**Input data**
┄┄┄┄┄┄┄┄┄┄┄┄┄┄┄┄┄┄┄┄

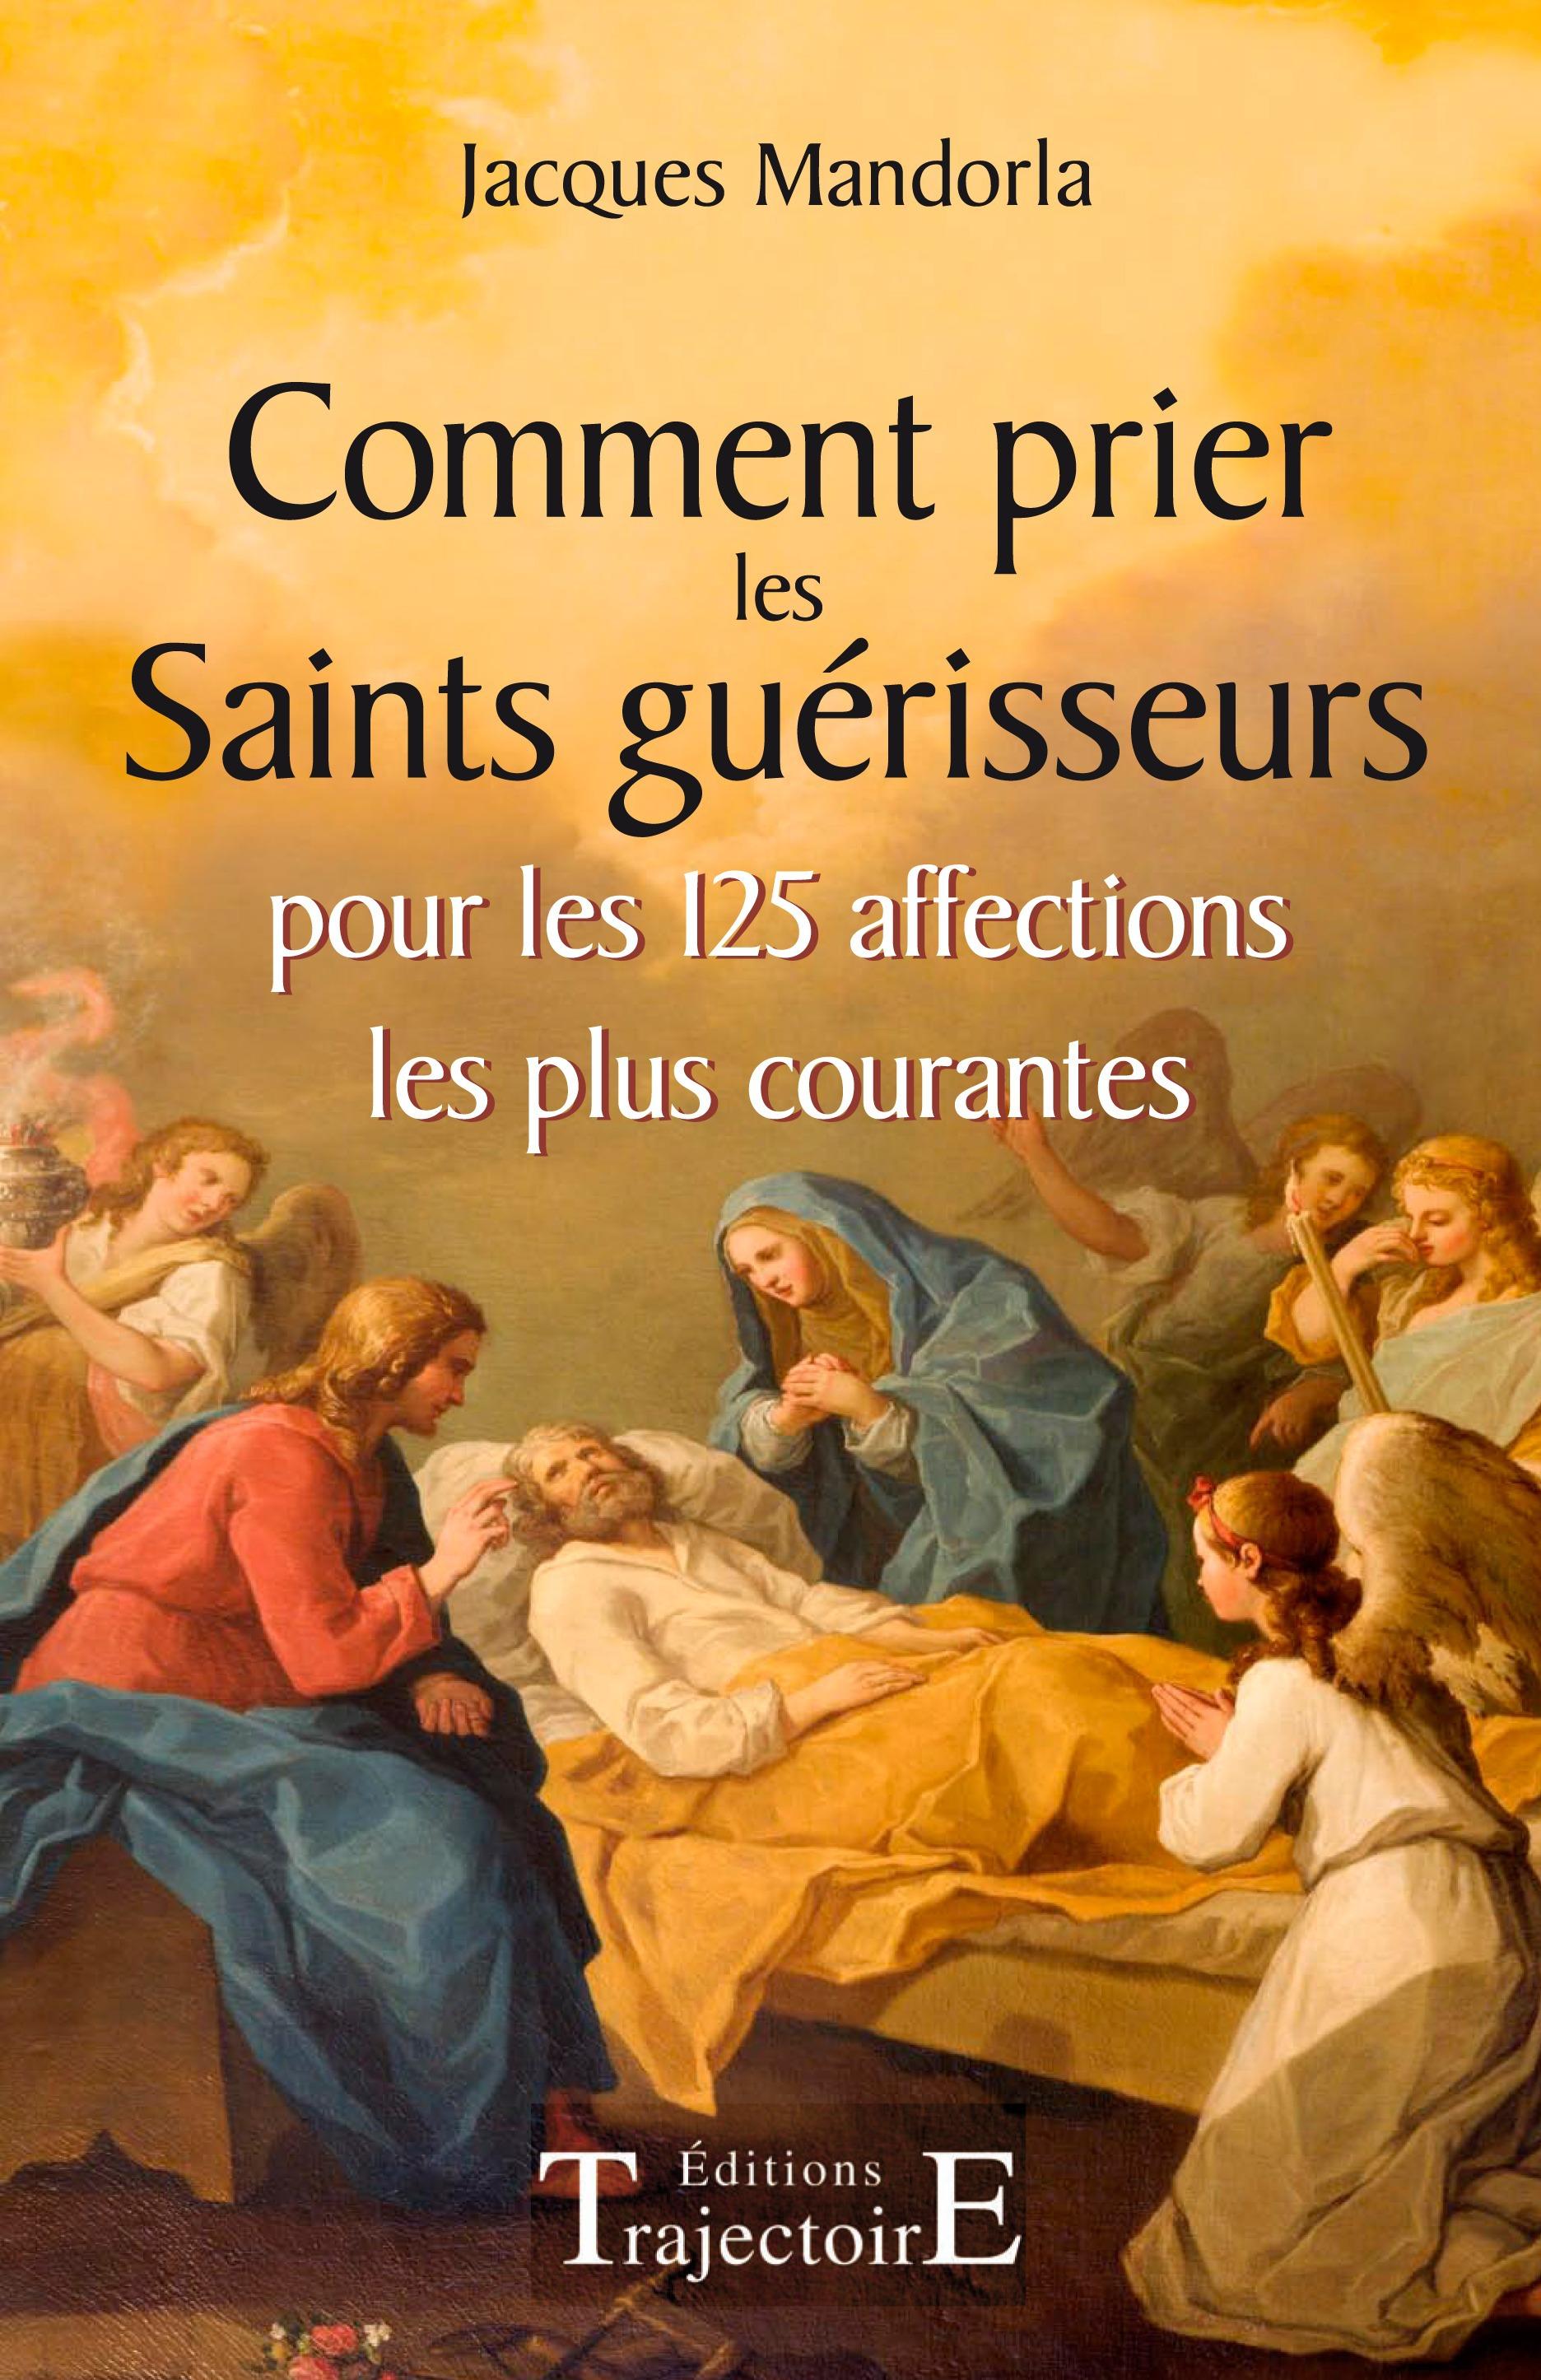 Jacques Mandorla Comment prier les Saints guérisseurs
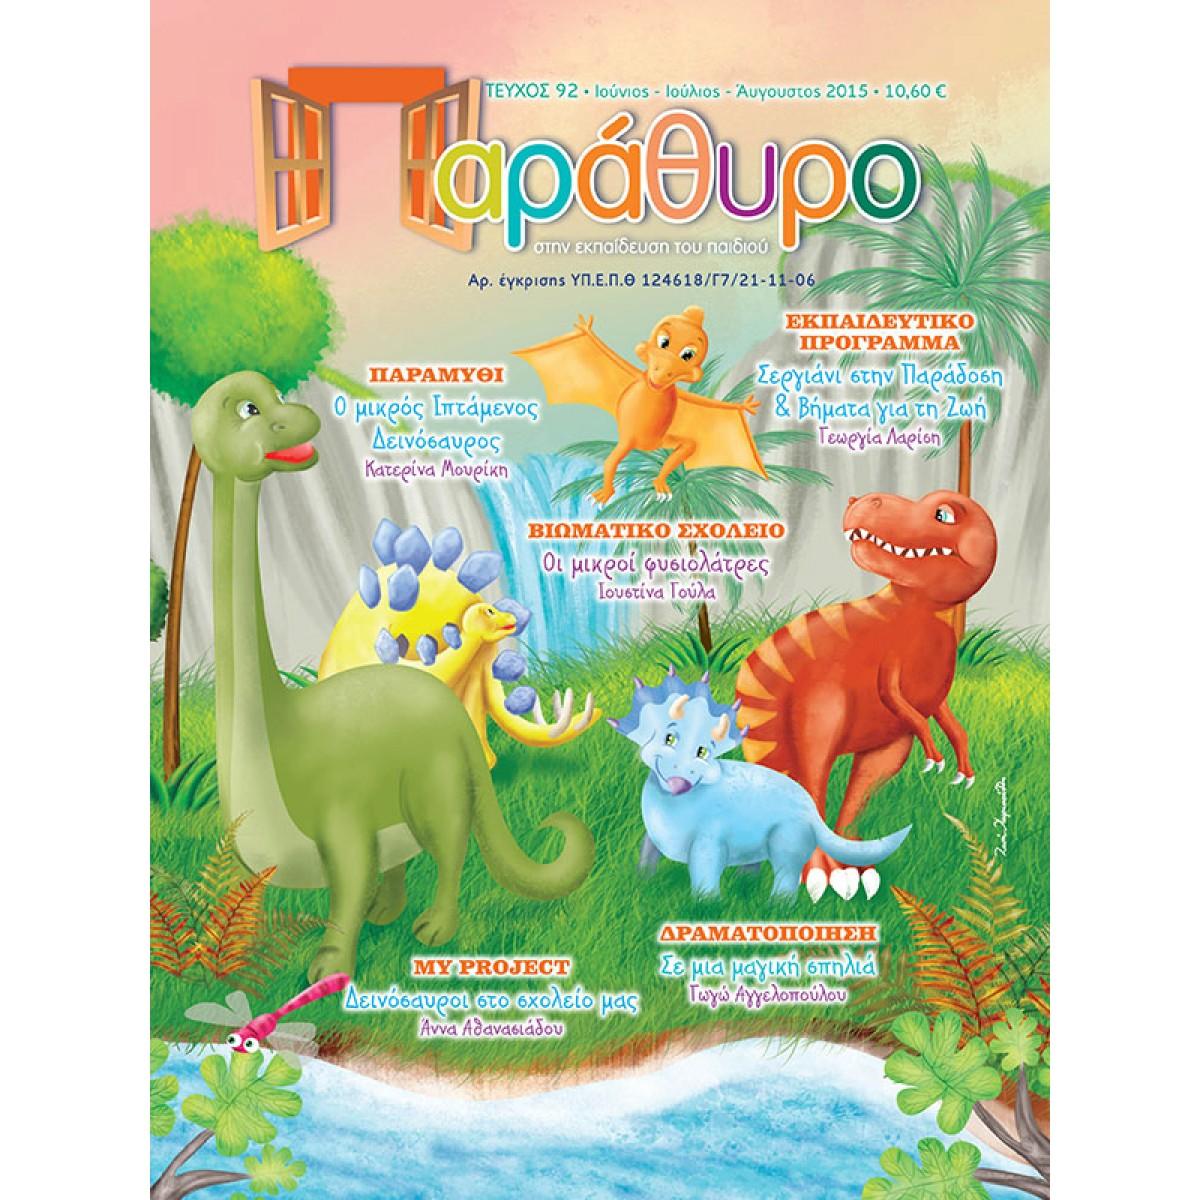 ΠΑΡΑΘΥΡΟ ΤΕΥΧΟΣ 92 Περιοδικό Παράθυρο
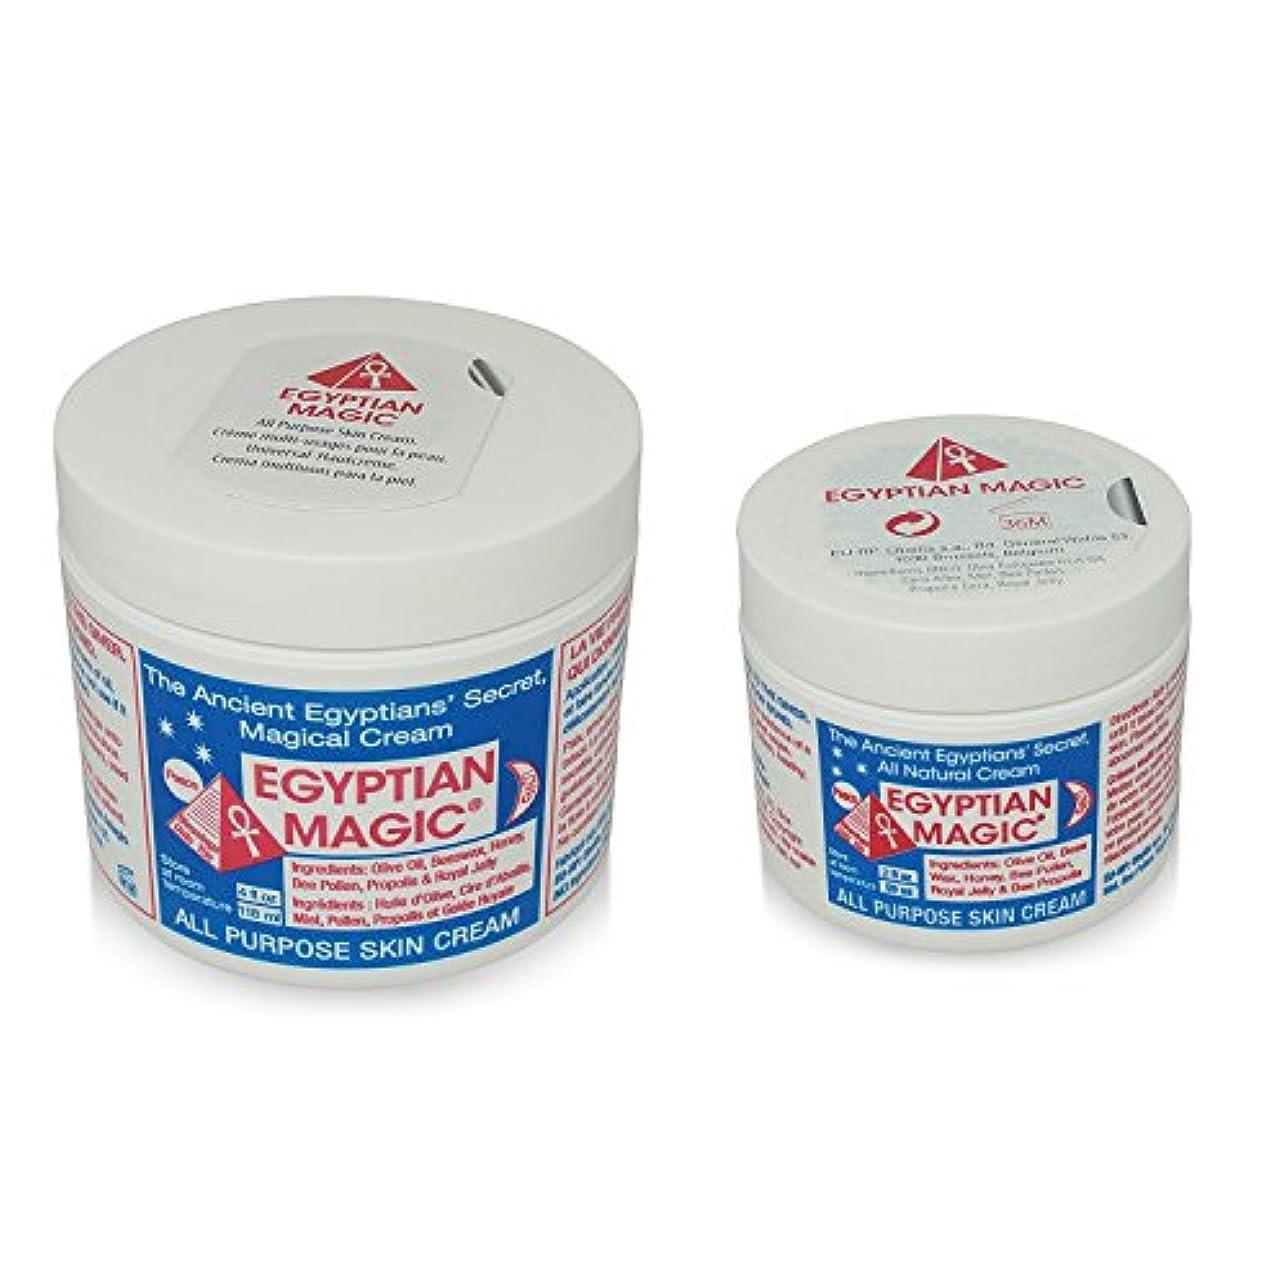 ミルク王女静けさEgyptian Magic Skin Cream エジプシャンマジッククリーム  (118ml)と(59ml)の2個セット

┄┄┄┄┄┄┄┄┄┄┄┄┄┄┄┄┄┄┄┄

**Assignment**
Leave every picture out. Retype the remaining data exactly.

**Written solution**
 Jacques Mandorla Comment prier les Saints guérisseurs
 ΠΑΡΑΘΥΡΟ ΤΕΥΧΟΣ 92 Περιοδικό Παράθυρο
 ミルク王女静けさEgyptian Magic Skin Cream エジプシャンマジッククリーム  (118ml)と(59ml)の2個セット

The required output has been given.